Here is the function hierarchy of the handling of this statement during inspection and decision-making:
make_join_statistics()
    choose_plan()
        greedy_search()
            best_extension_by_limited_search()
                best_access_path()        --> (1)     will explain this some lines later
                --> (2)
                best_extension_by_limited_search()
                    best_access_path()    --> (3)
                --> (4)
                best_access_path()        --> (5)
                --> (6)
                best_extension_by_limited_search()
                    best_access_path()     --> (7)
                --> (8)
warning: this hierarchy is valid for the SQL-statement given above and for the environment I am working in. If you do your own tests this hierarchy may look differently. And in the hierarchy I've added some hints to steps which I would like to explain in some details later.

Let's start with an overview of the steps involved in the inspection of this statement:
The strategy is to start with a table and calculate the cost of accessing this table alone. This plan is extended by adding the second table to it and calculating the cost of accessing the records of the second table, finally the cost of accessing these 2 tables is calculated. And as no more table exist3) this calculation is finished.
Now the code tries the opposite way: the inspection begins with the second table and calculates the costs of accessing this table alone. Then this plan is extended by adding the first table and calculate the cost of accessing this table is calculated, finally the costs are combined.

As we now have two values a comparison is possible and the plan with the lower cost-value is chosen, the other plan and its values are forgotten. As no other possibilities exists the computation stops and we have a plan to execute. So it starts executing the plan computed.

Let's look a bit deeper into the code and at first I want to show the places where I will show results of computations soon.
The hints above marked as (1), (3), (5) and (7) refer to these lines of code in the function best_access_path():
  /* Update the cost information for the current partial plan */
  pos->records_read= records;
  pos->read_time=    best;
  pos->key=          best_key;
  pos->table=        s;
  pos->ref_depend_map= best_ref_depends_map;
  pos->loosescan_picker.loosescan_key= MAX_KEY;
  pos->use_join_buffer= best_uses_jbuf;
 

the other hints refer to the function best_extension_by_limited_search() and especially these lines of code:
      /* Find the best access method from 's' to the current partial plan */
      POSITION loose_scan_pos;
      best_access_path(join, s, remaining_tables, idx, disable_jbuf,
                       record_count, join->positions + idx, &loose_scan_pos);

      /* Compute the cost of extending the plan with 's' */

      current_record_count= record_count * position->records_read;
      current_read_time=read_time + position->read_time +
                        current_record_count / (double) TIME_FOR_COMPARE;

So let's dive into the code and look what the results of the computations are.

Everything starts from scratch with an empty plan, so the first table inspected is the table TestBig.
Stop!
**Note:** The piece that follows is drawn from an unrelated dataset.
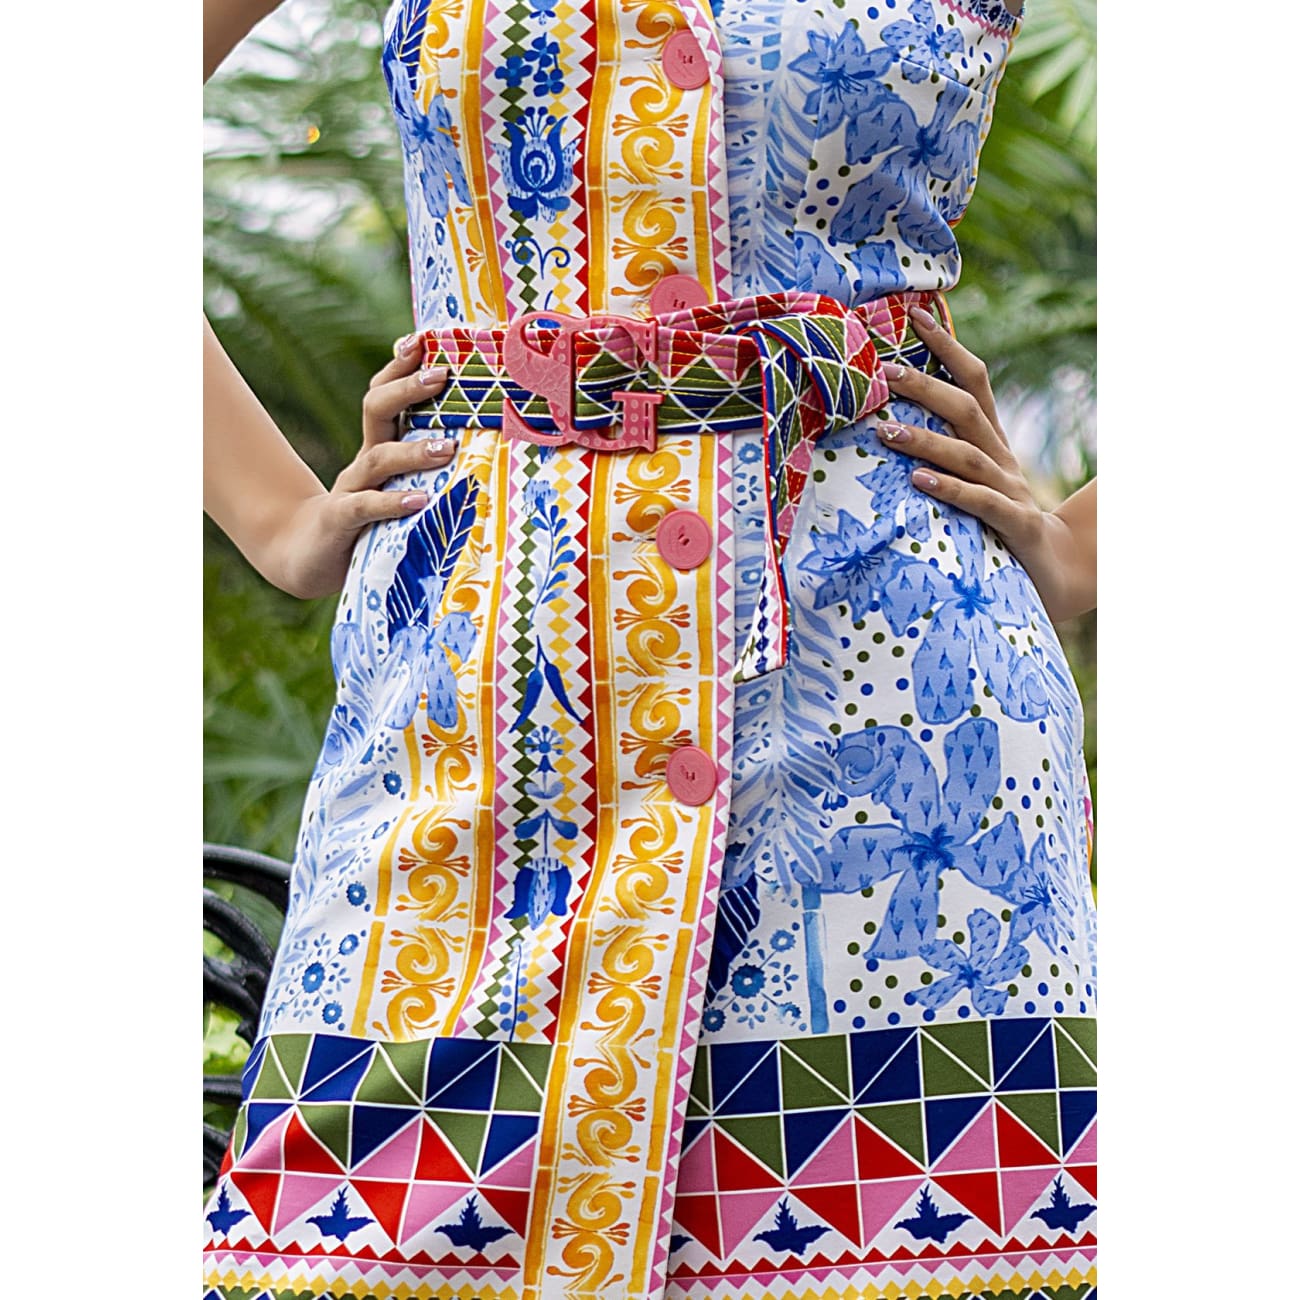 Frida Yellow Jacket Dress Dresses Sandhya Garg Free Shipping beach dress Boho Chic cruise dress Designer dress Dress for vacation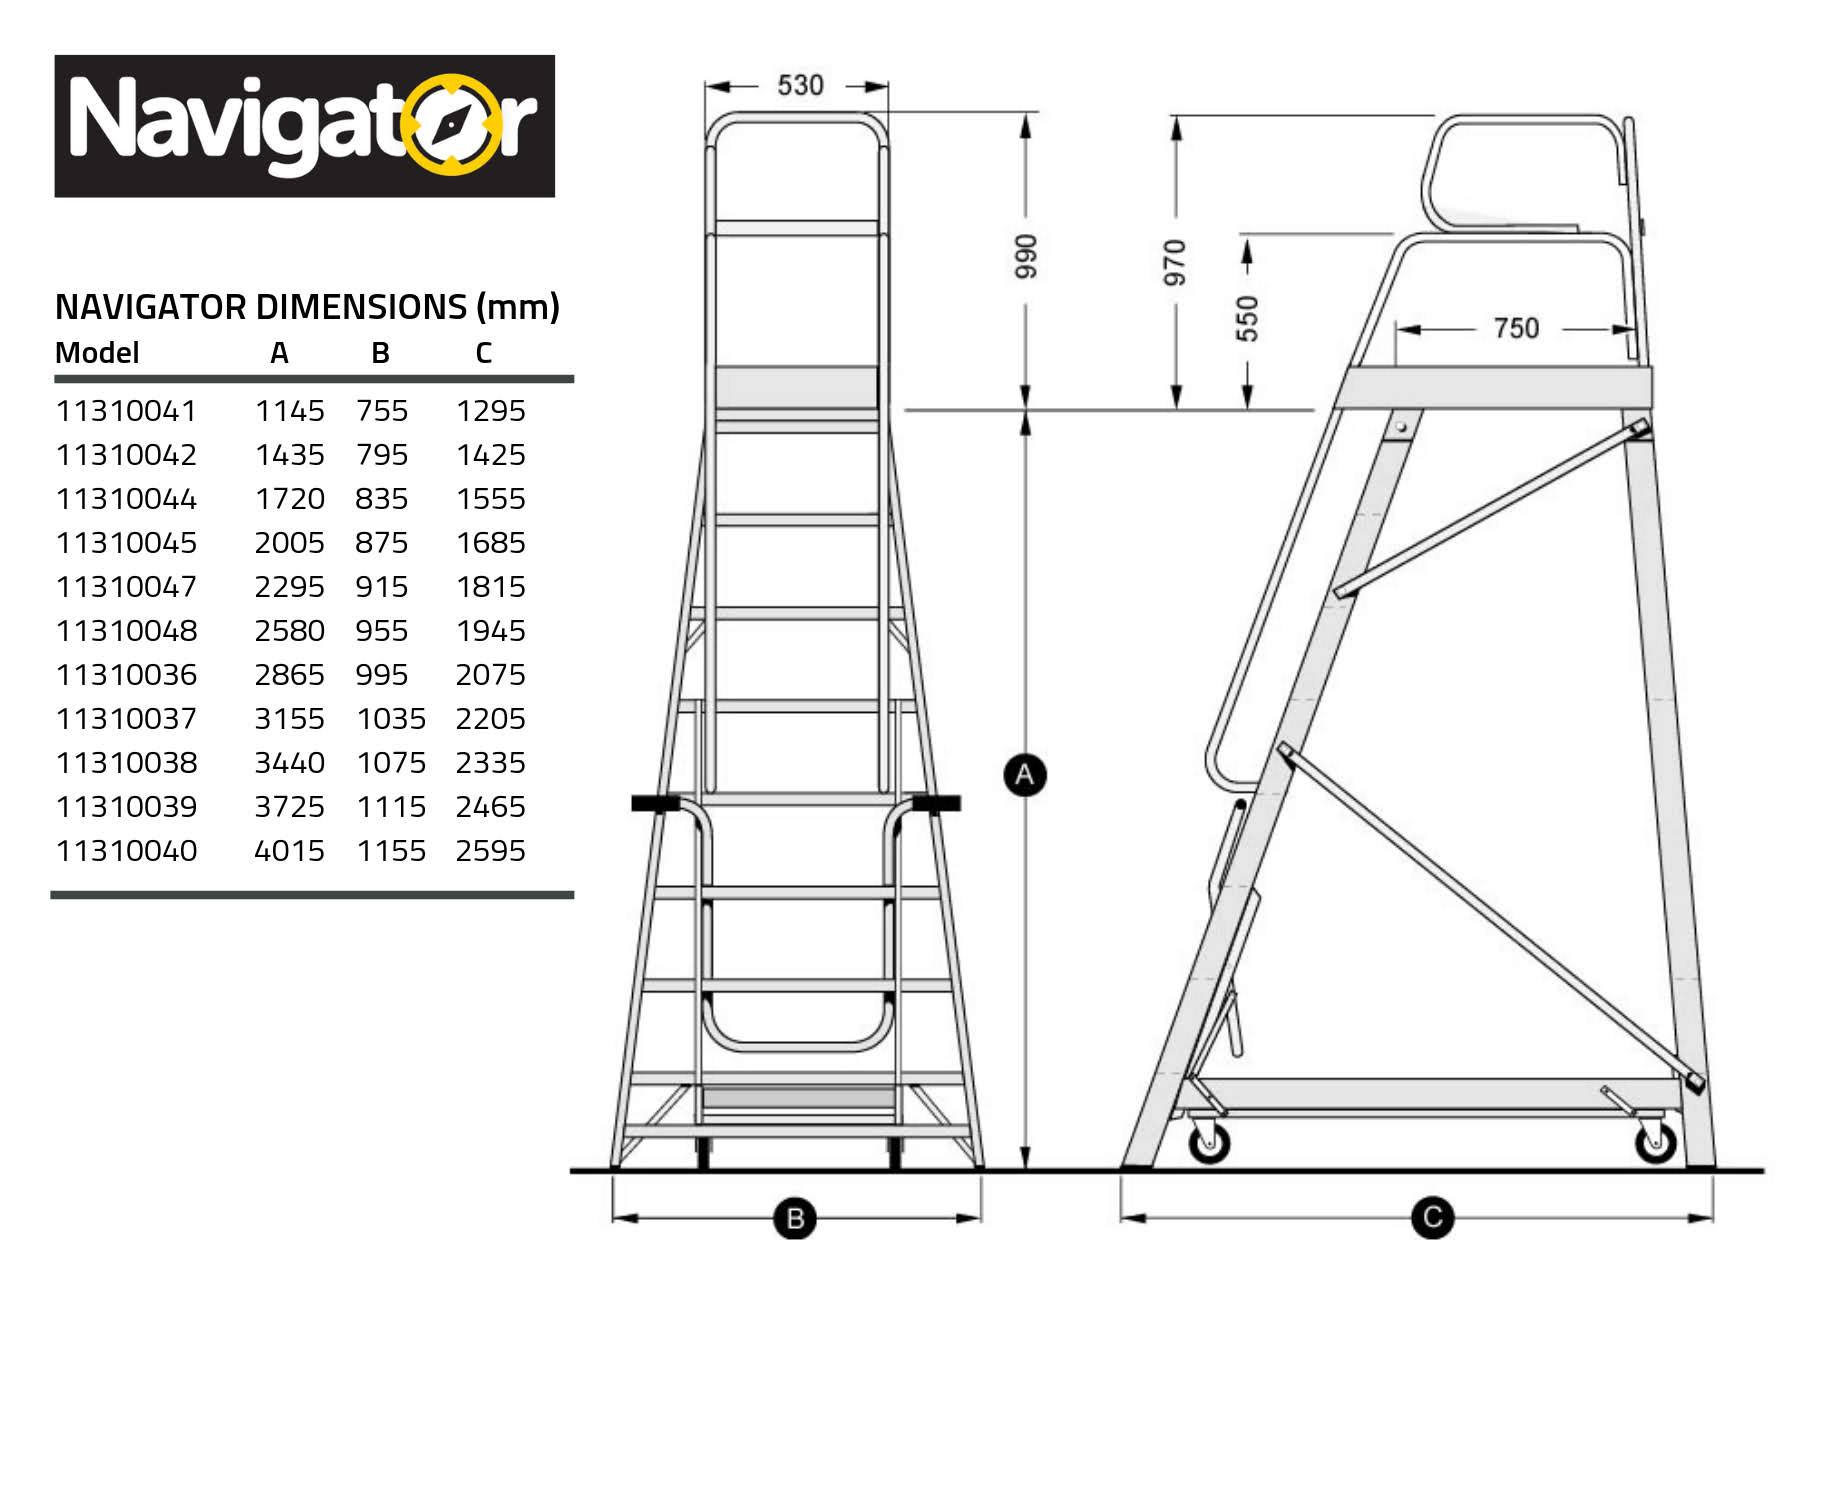 Navigator Mobile Warehouse Ladder

Why do we start with the table TestBig? If you look at the SQL-statement this table is found in the second place and its the table with the most records in it. So why?

If you look into the code of choose_plan() you see this call near the beginning:
  my_qsort2(join->best_ref + join->const_tables,
            join->table_count - join->const_tables, sizeof(JOIN_TAB*),
            jtab_sort_func, (void*)join->emb_sjm_nest);
In this function the entries are sorted using the comparison-function join_tab_cmp() (via the var. jtab_sort_func). And in this function the number of records are compared:
  if (jt1->found_records > jt2->found_records)
    return 1;
and as the values are 301,036 (for jt1 aka. TestSmall) and 204,922 (for jt2 aka. TestBig) it returns a value of 1 which will result in swapping the entries, so the JOIN_TAB representing the table TestBig is in the first position of the list and therefore the code starts the inspection with this table.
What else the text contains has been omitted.